• TASK BRIEF
The output is a word-for-word repeat of the listing below, free of images.

• GIVEN DATA

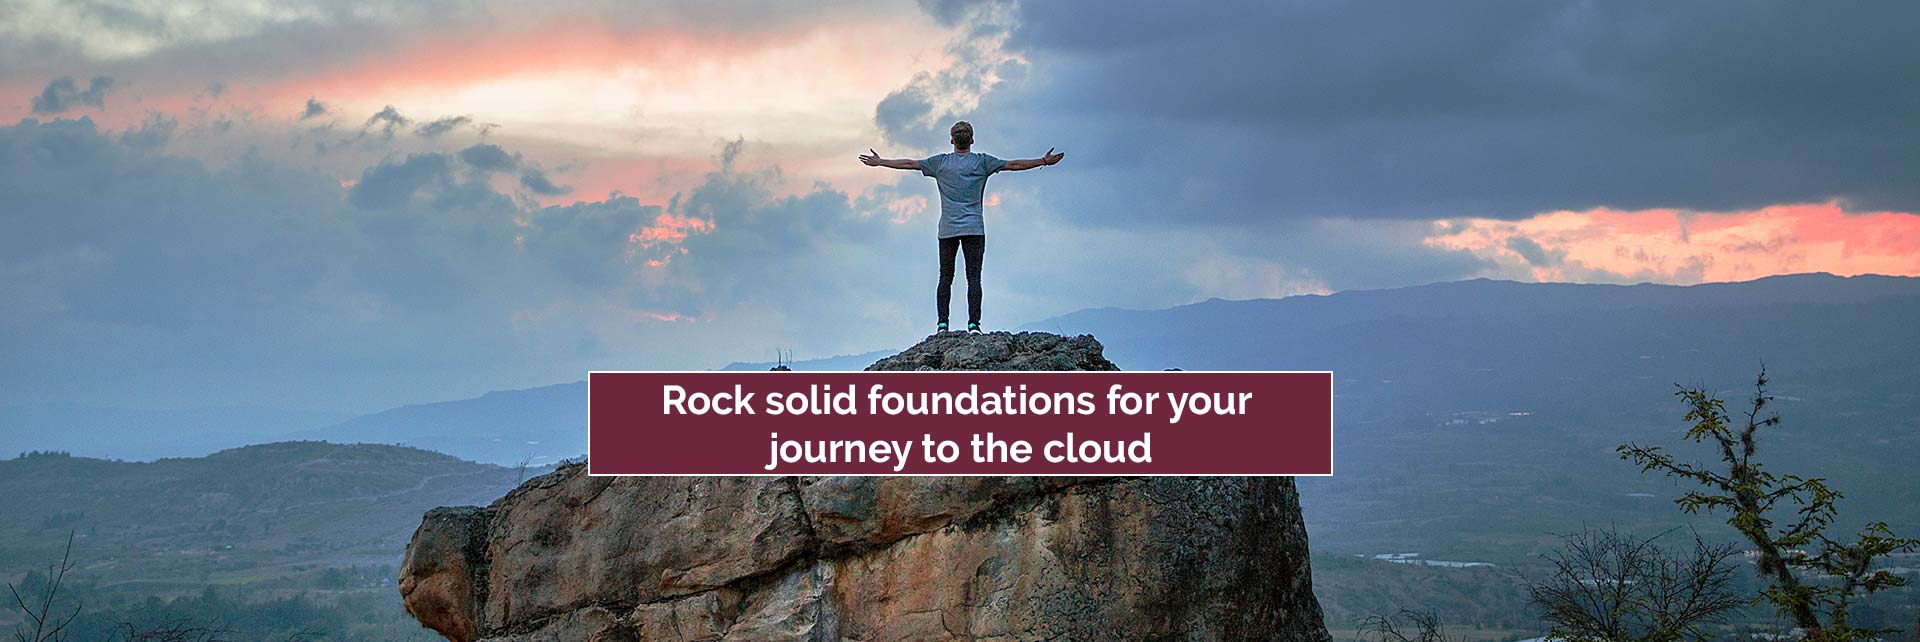 Rock solid foundations for your journey to the cloud
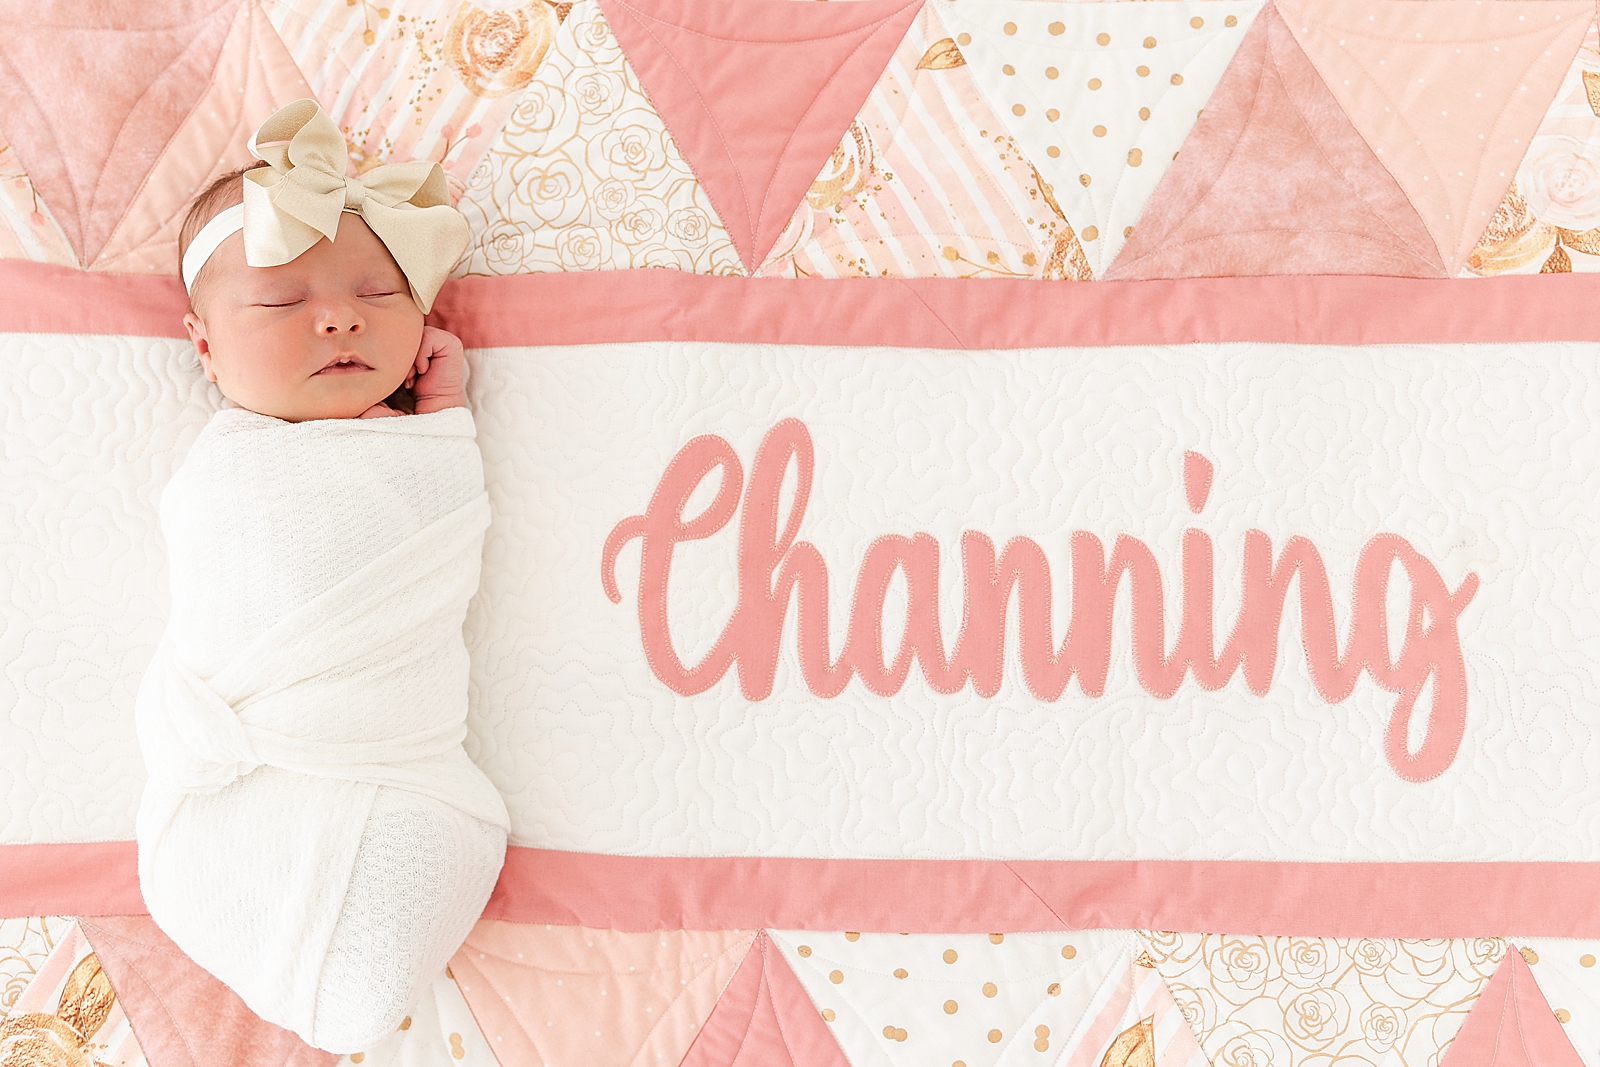 Baby Channing custom pink white and gold newborn quilt with baby in white swaddle and gold bow asleep
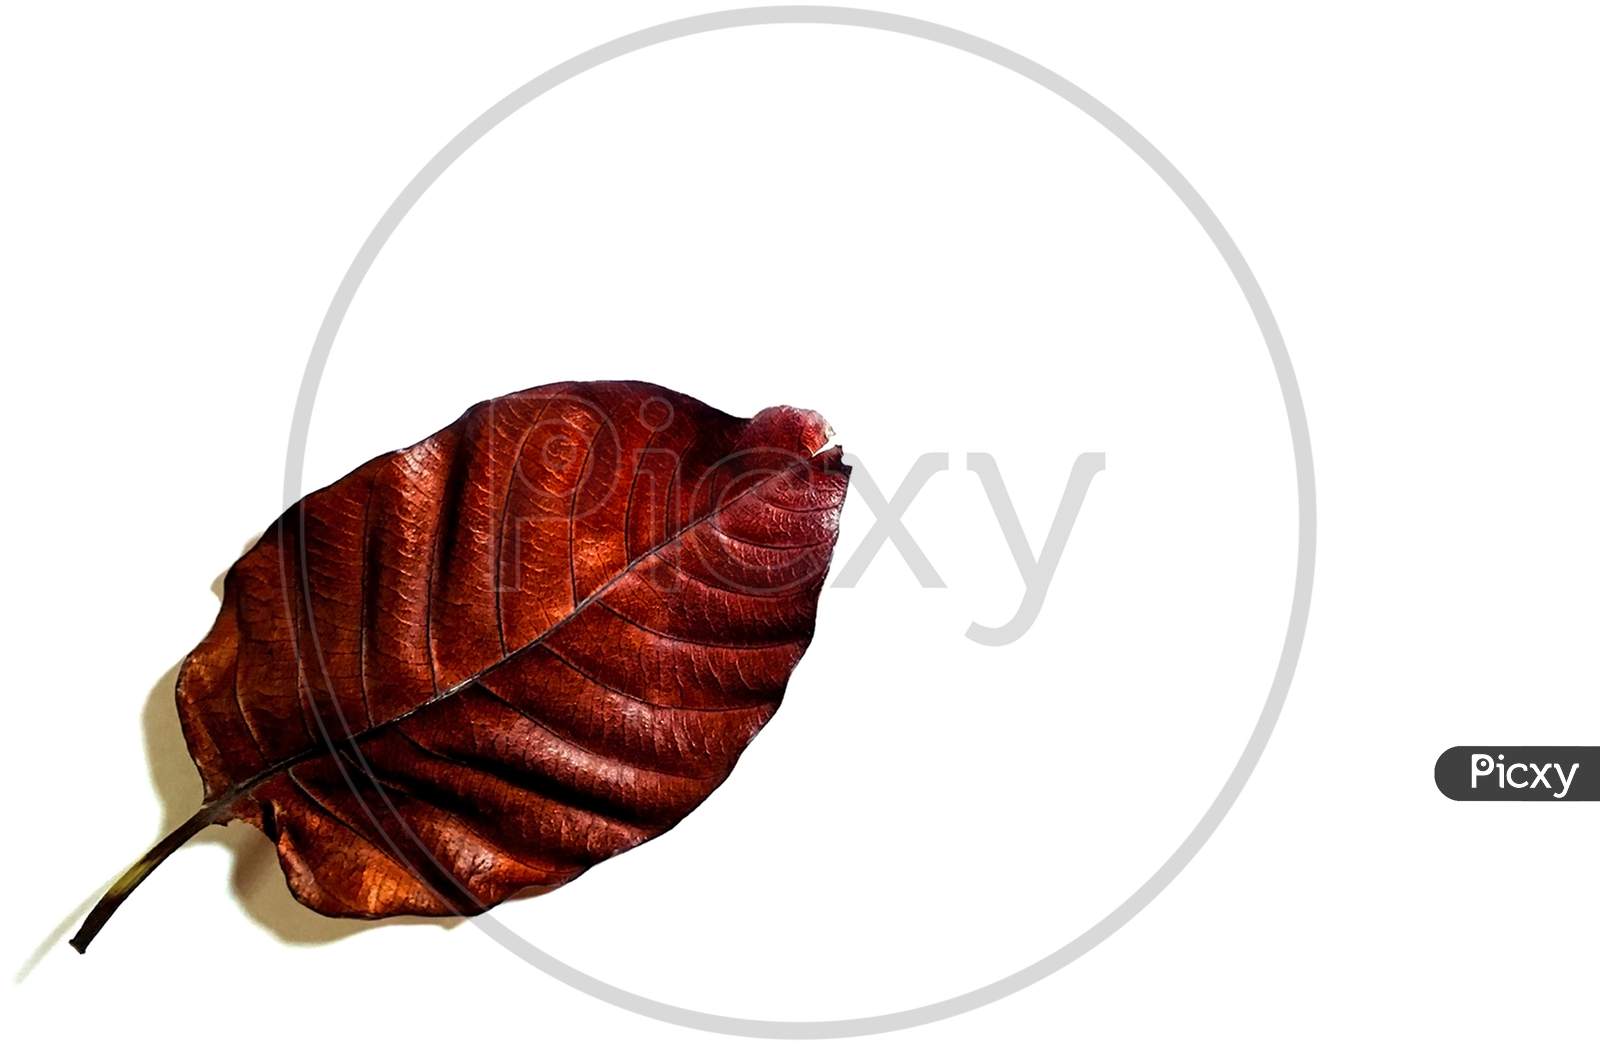 Dry leaf isolated on white background

• COMPLETED TASK
 Rock solid foundations for your journey to the cloud
 Baby Channing custom pink white and gold newborn quilt with baby in white swaddle and gold bow asleep
 Dry leaf isolated on white background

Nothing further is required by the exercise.